I have the 58 x 58 with 2 400w hps, with a vortex fan. 
I have two issues with the highgrade tent, for one, it is made by the same people that make the homebox (or they copied it seam for seam) with some roof reinforcements missing, I reinforced the roof to hold my air cooled 400's, highgrade said they aren't available so I made my own.
the second issue I have is a minor one, but the middle zipper has no stops on the bottom and will come off if pulled down to far, easily fixed tho.


----------



## techgrower (Nov 19, 2008)

Hello all, I have a 58"x58"x78.5 grow tent in the garage, it takes up a corner but not in the way. I got it on craigslist for $300. It came with htg 600w air cooled (euro)? light and tent has vents in roof for fixture, also w/vortec fan 6", big carbon filter I think the can33. Its huge! Both mh conv. and hps bulbs. He gave me timers, hydroton, flex vent tubing bubblers, tubing, some nutes. I think I got a great deal for 300.00. The tent and light are more then that alone. and the carbon filter is like 125 new.
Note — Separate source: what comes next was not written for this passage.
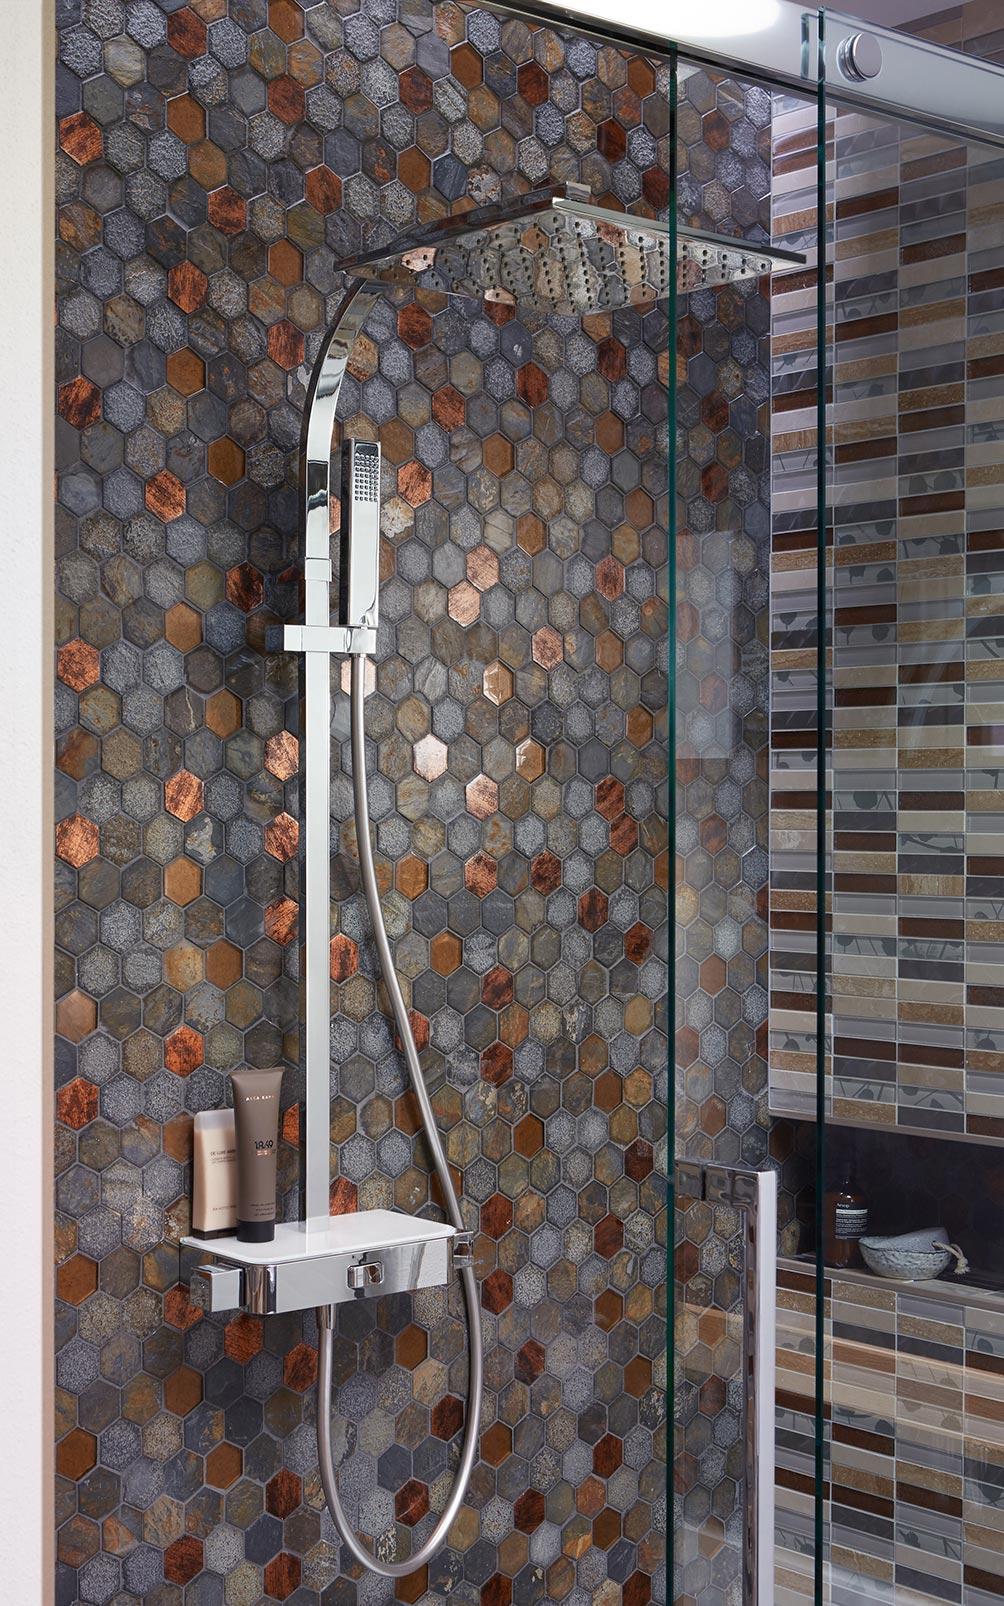 Full Size of Duschen Auf Knopfdruck La Hsk Schulte Werksverkauf Moderne Kaufen Begehbare Bodengleiche Breuer Sprinz Hüppe Dusche Hsk Duschen

I cant seem to find the exact tent on any website, thought it was way cool to have the light fixture vented through the ceiling of the tent, just added a desk fan and you can feel the heat coming out of other side. I am very happy with it and dont have to worry about spilling stuff in my closets now. just my .02. Oh and I dont think the plants care where they grow ie closet or tent. The tent might keep in co2 better then a closet.


----------



## jcdws602 (Jan 23, 2009)

I've got a tent also 48x48x78inches set up in a corner I use it for flowering only and a closet for my veg room.Tents pretty cool so far as long as you vent it good its great.Mine cost $120 here http://cgi.ebay.com/Hydroponics-Tent-48x48x78-Hydro-Cabinet-Grow-Budd-Box_W0QQitemZ220303056920QQcmdZViewItemQQptZHydroponics_Seed_Starting?hash=item220303056920&_trksid=p3286.c0.m14&_trkparms=72%3A1205|66%3A2|65%3A12|39%3A1|240%3A1309|301%3A1|293%3A1|294%3A50

if you thinking bout using one this will hold 9 or so nice size plants
Check out my grow in a tent to get an idea https://www.rollitup.org/general-marijuana-growing/153471-first-time-gowing-grow-tent.html


----------



## JimiCypress (Mar 7, 2009)

Nice pics. Very full looking. BTW just wanted to add that I have tried the 4x4x2 hut without the kit and it works fine for me. Not cheap at all. Didn't get it from HTG Supply but it only ran me 100. Try looking on google shopping.


----------